- Work item: With the pictures set aside, write out all of the data exactly as it stands.

[Data]

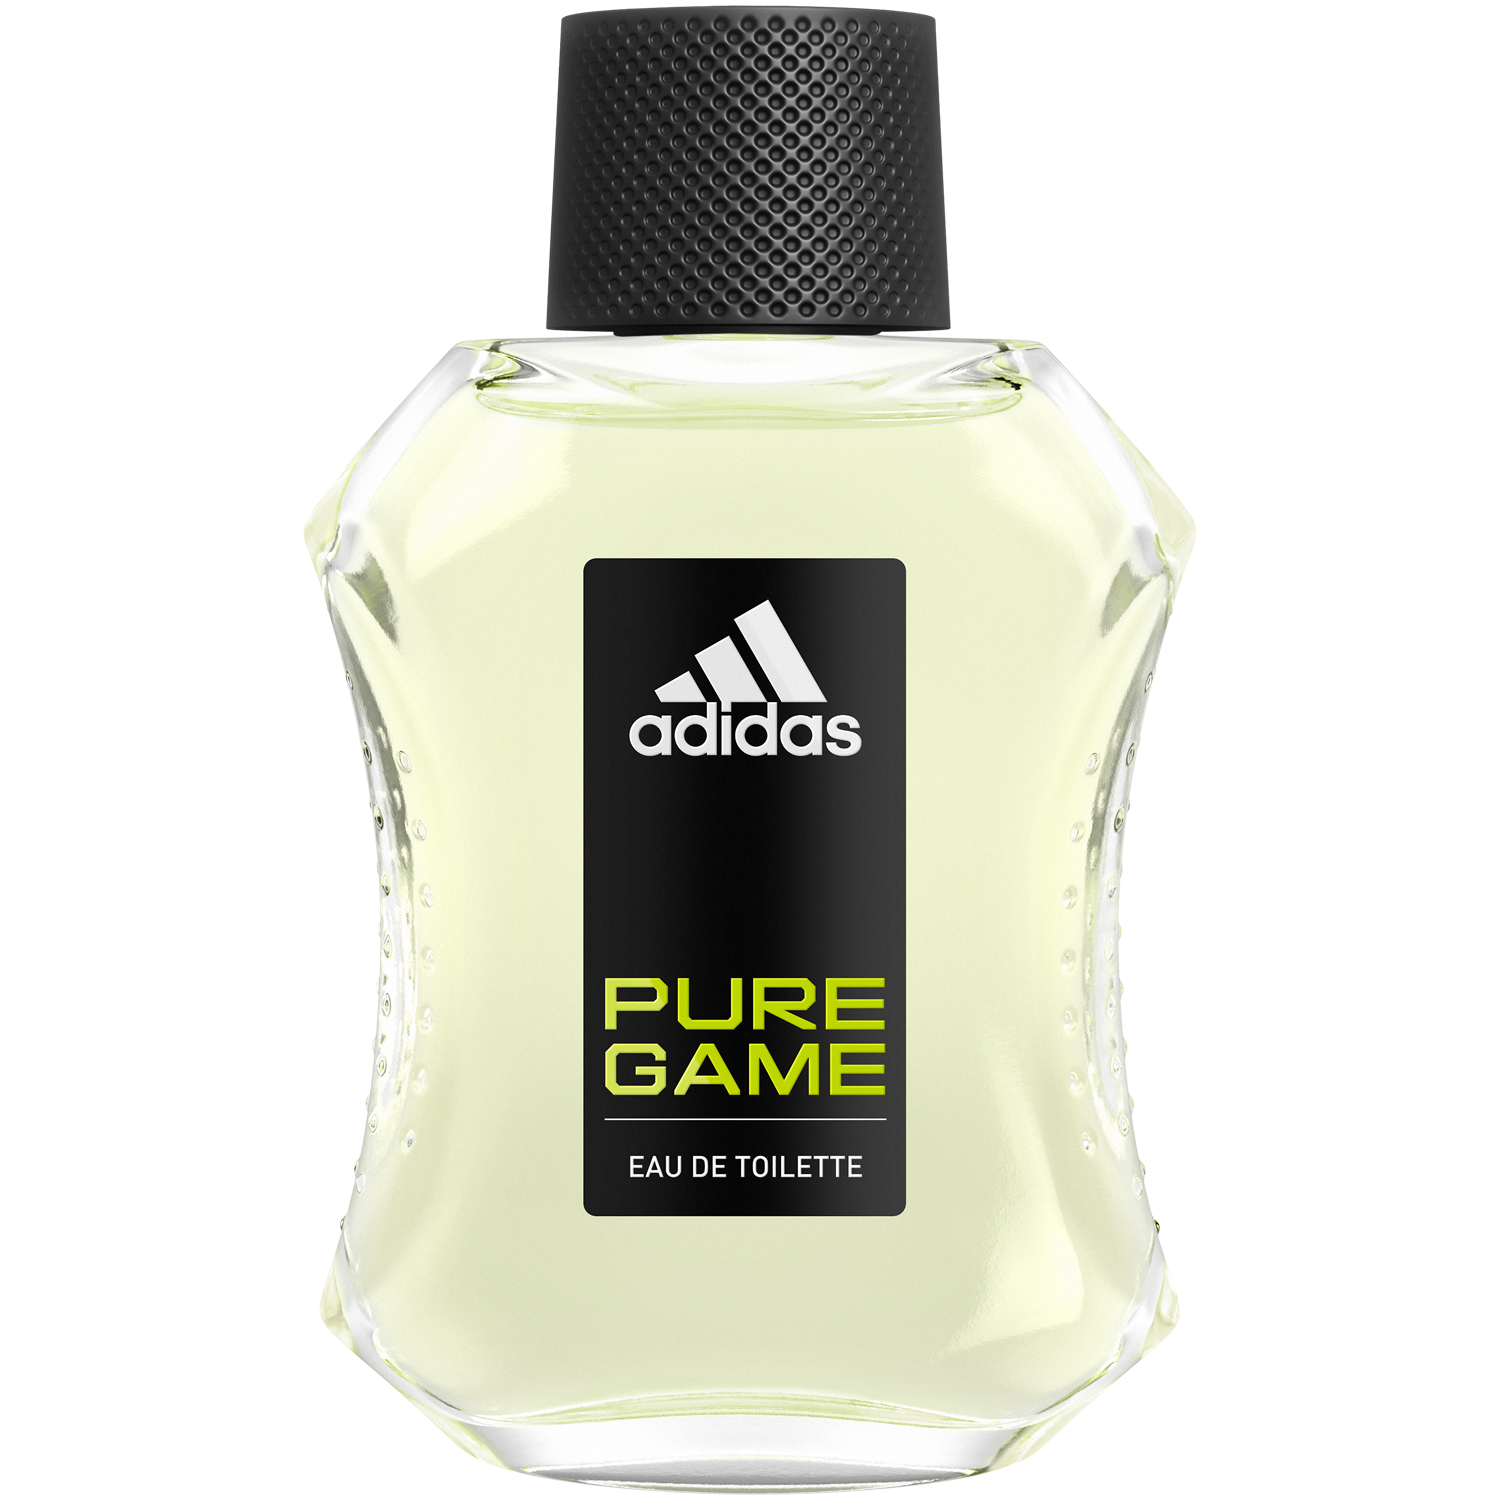 Adidas Pure Game туалетная вода для мужчин, 100 мл
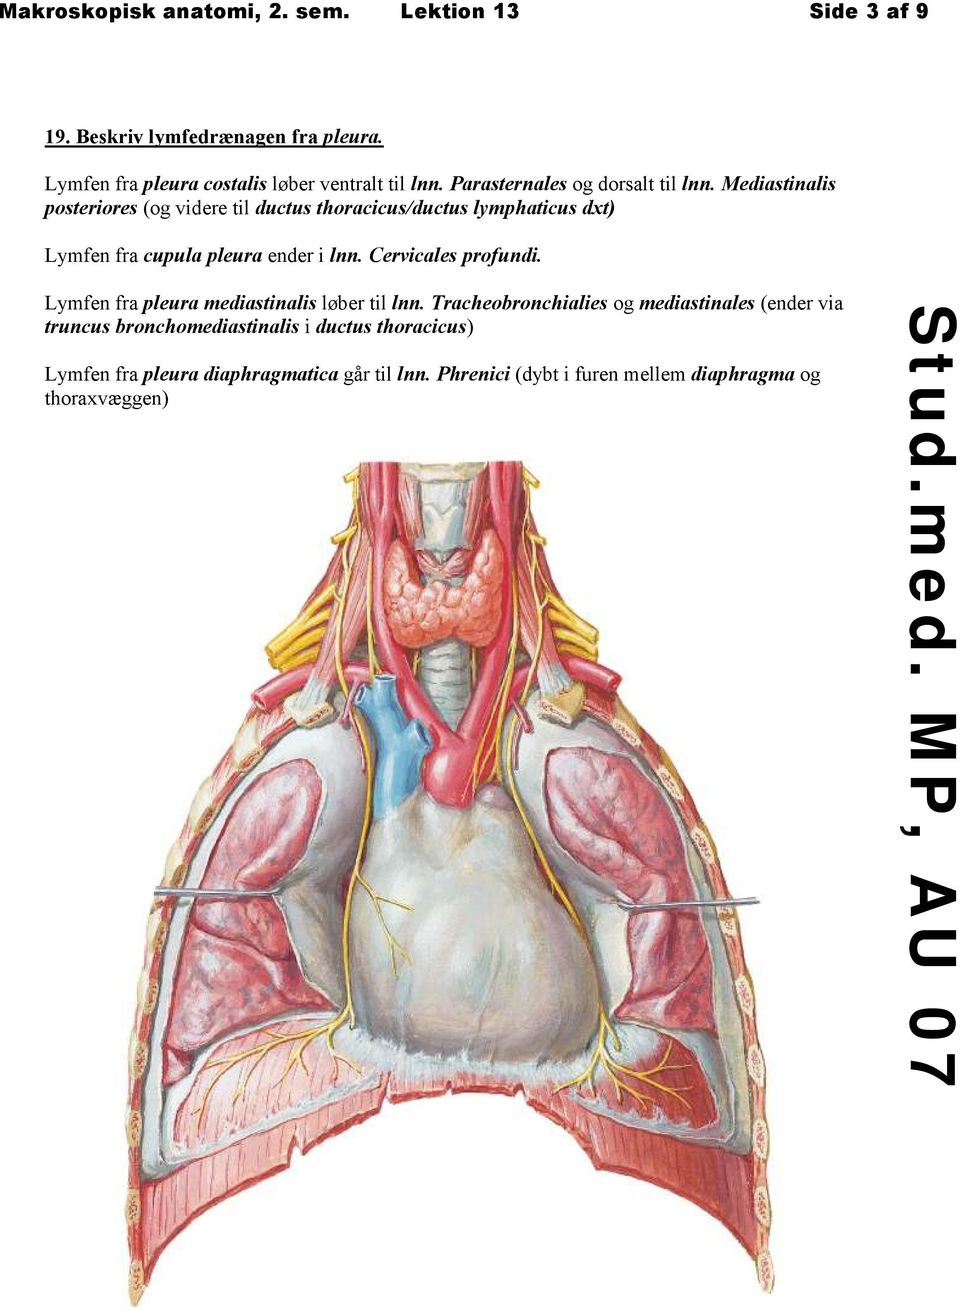 Mediastinalis posteriores (og videre til ductus thoracicus/ductus lymphaticus dxt) Lymfen fra cupula pleura ender i lnn. Cervicales profundi.
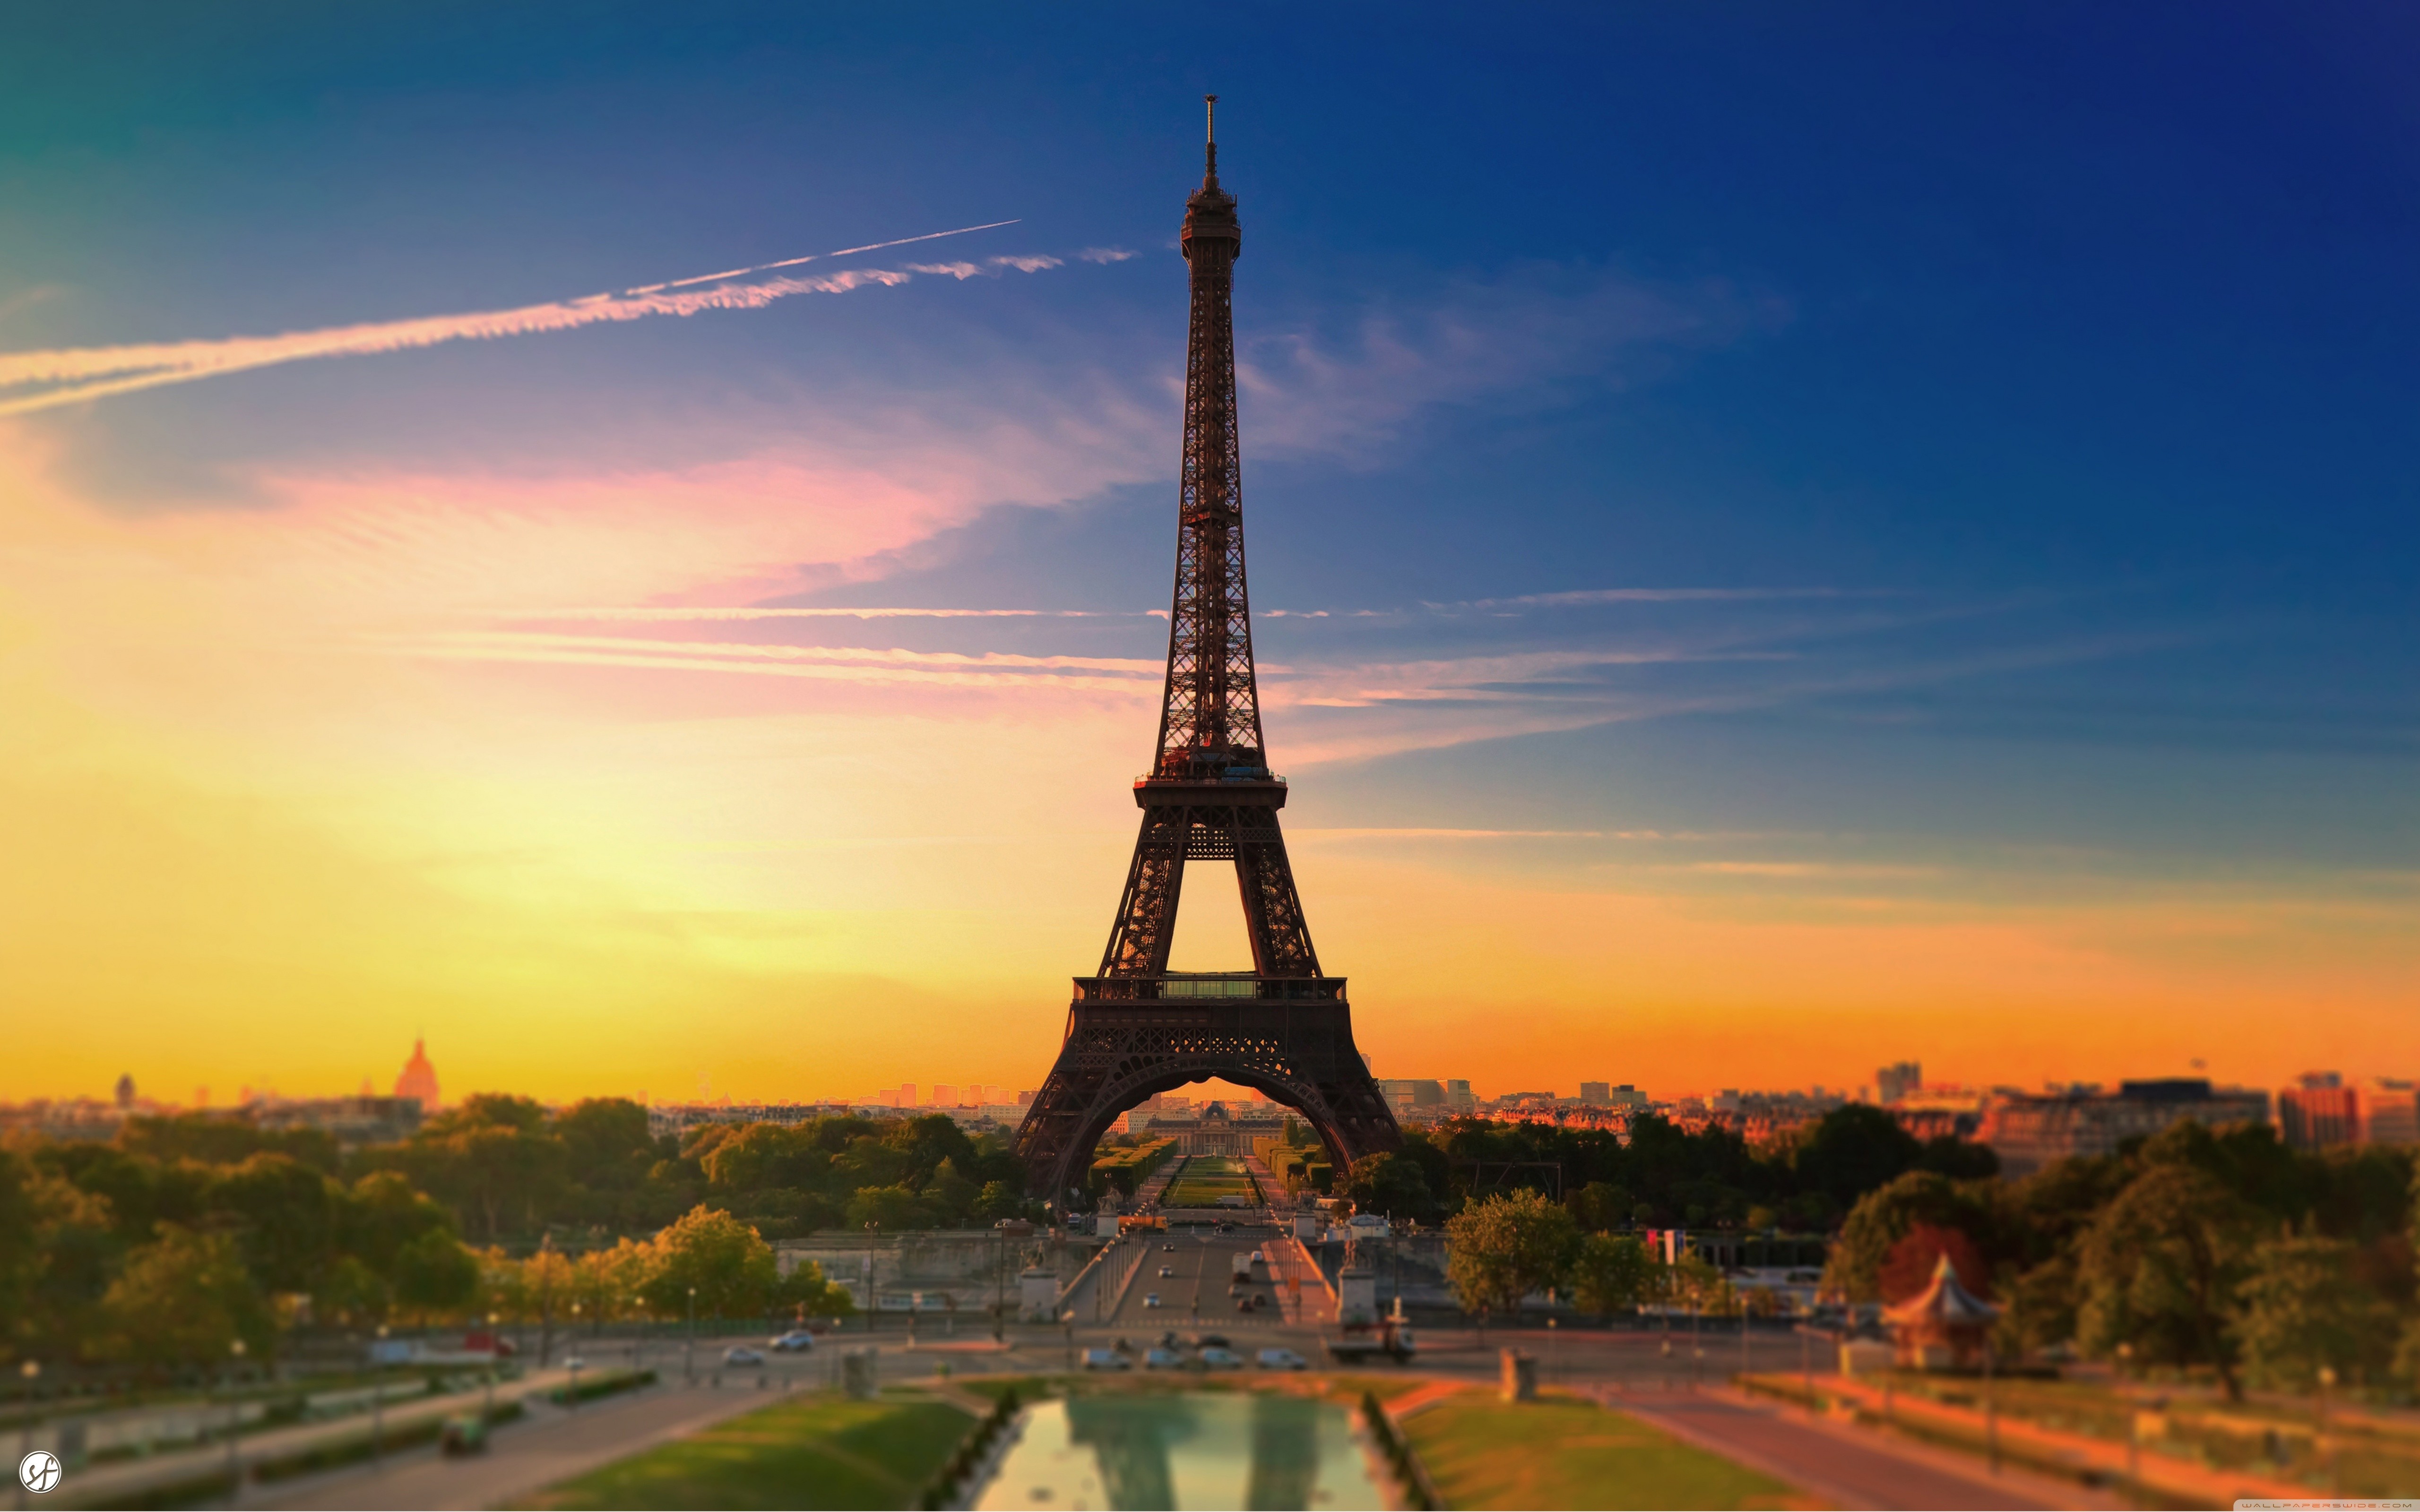 General 5120x3200 Eiffel Tower Paris France color correction sunset sky architecture tower clouds contrails landmark
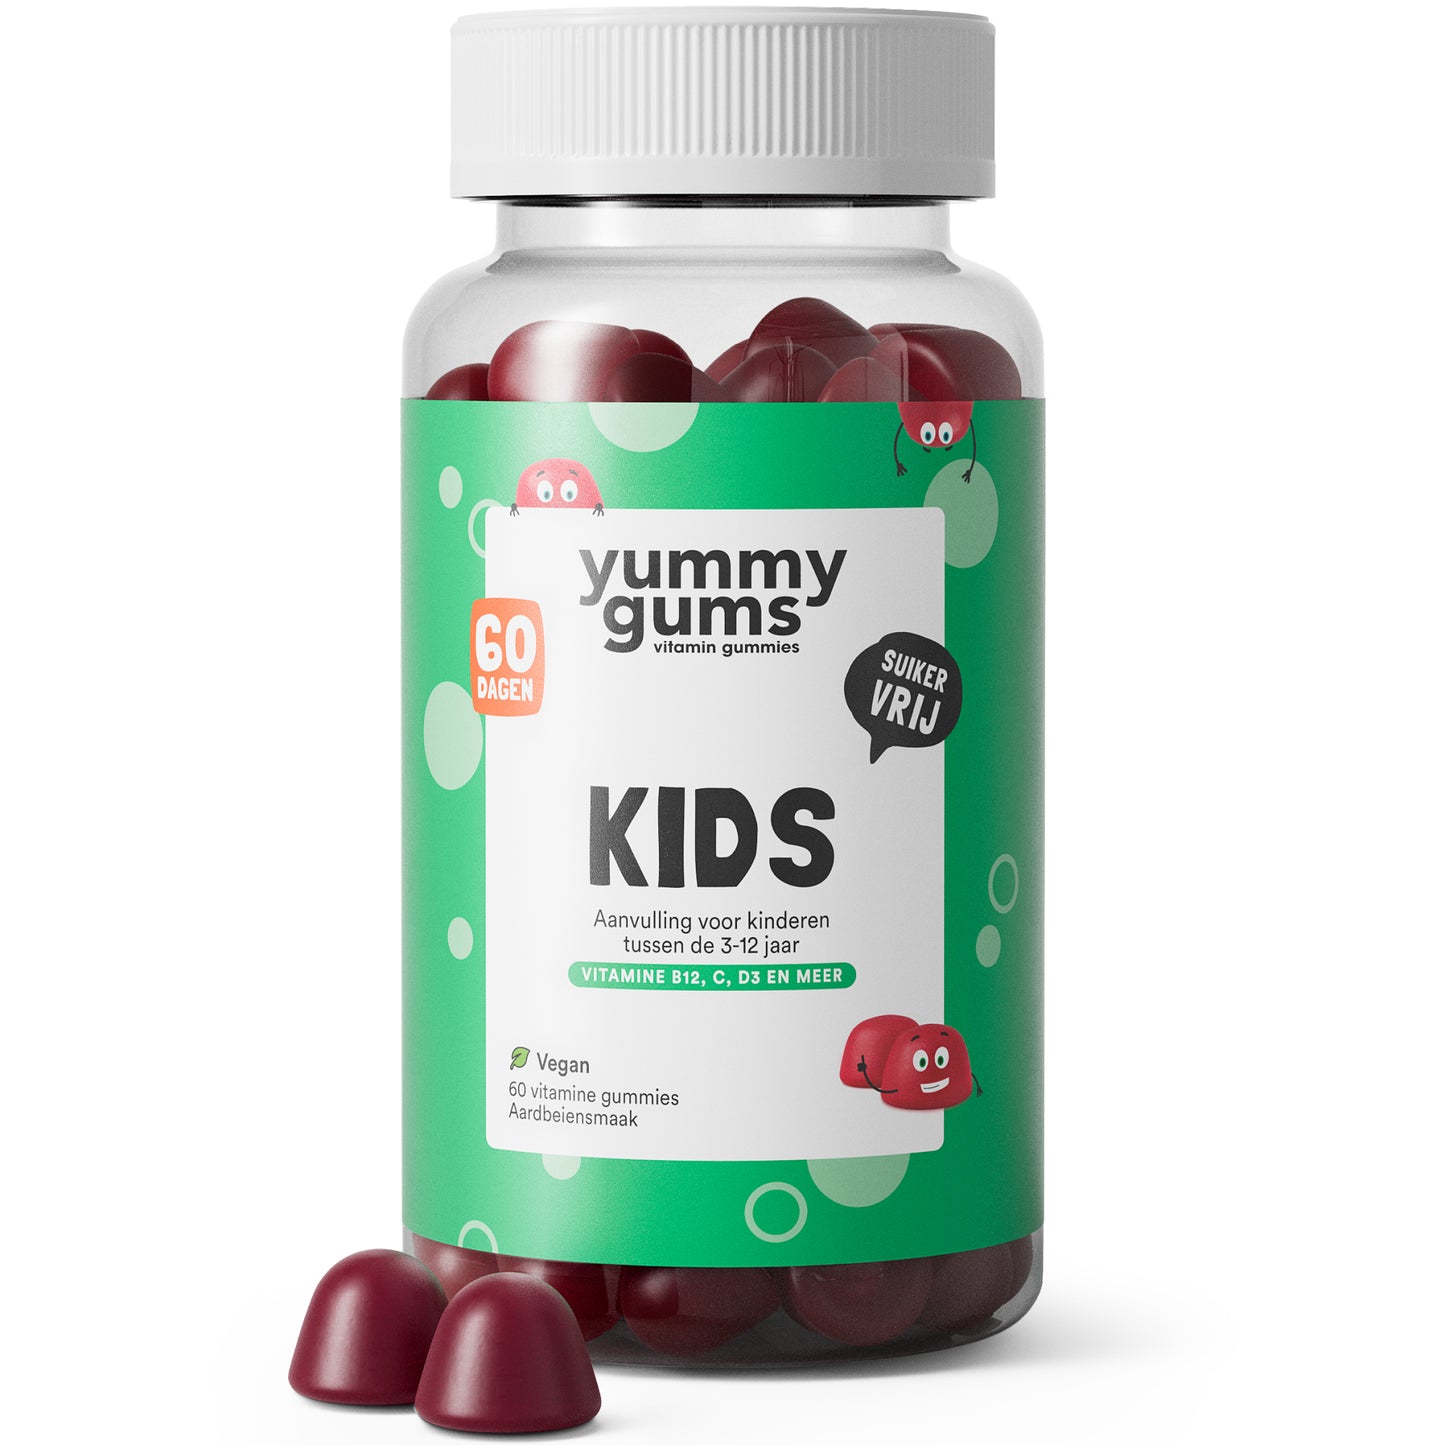 Yummygums - Kids

[/Data]

- Answer for the task:
 Adidas Pure Game туалетная вода для мужчин, 100 мл
 Mediastinalis posteriores (og videre til ductus thoracicus/ductus lymphaticus dxt) Lymfen fra cupula pleura ender i lnn. Cervicales profundi.
 General 5120x3200 Eiffel Tower Paris France color correction sunset sky architecture tower clouds contrails landmark
 Yummygums - Kids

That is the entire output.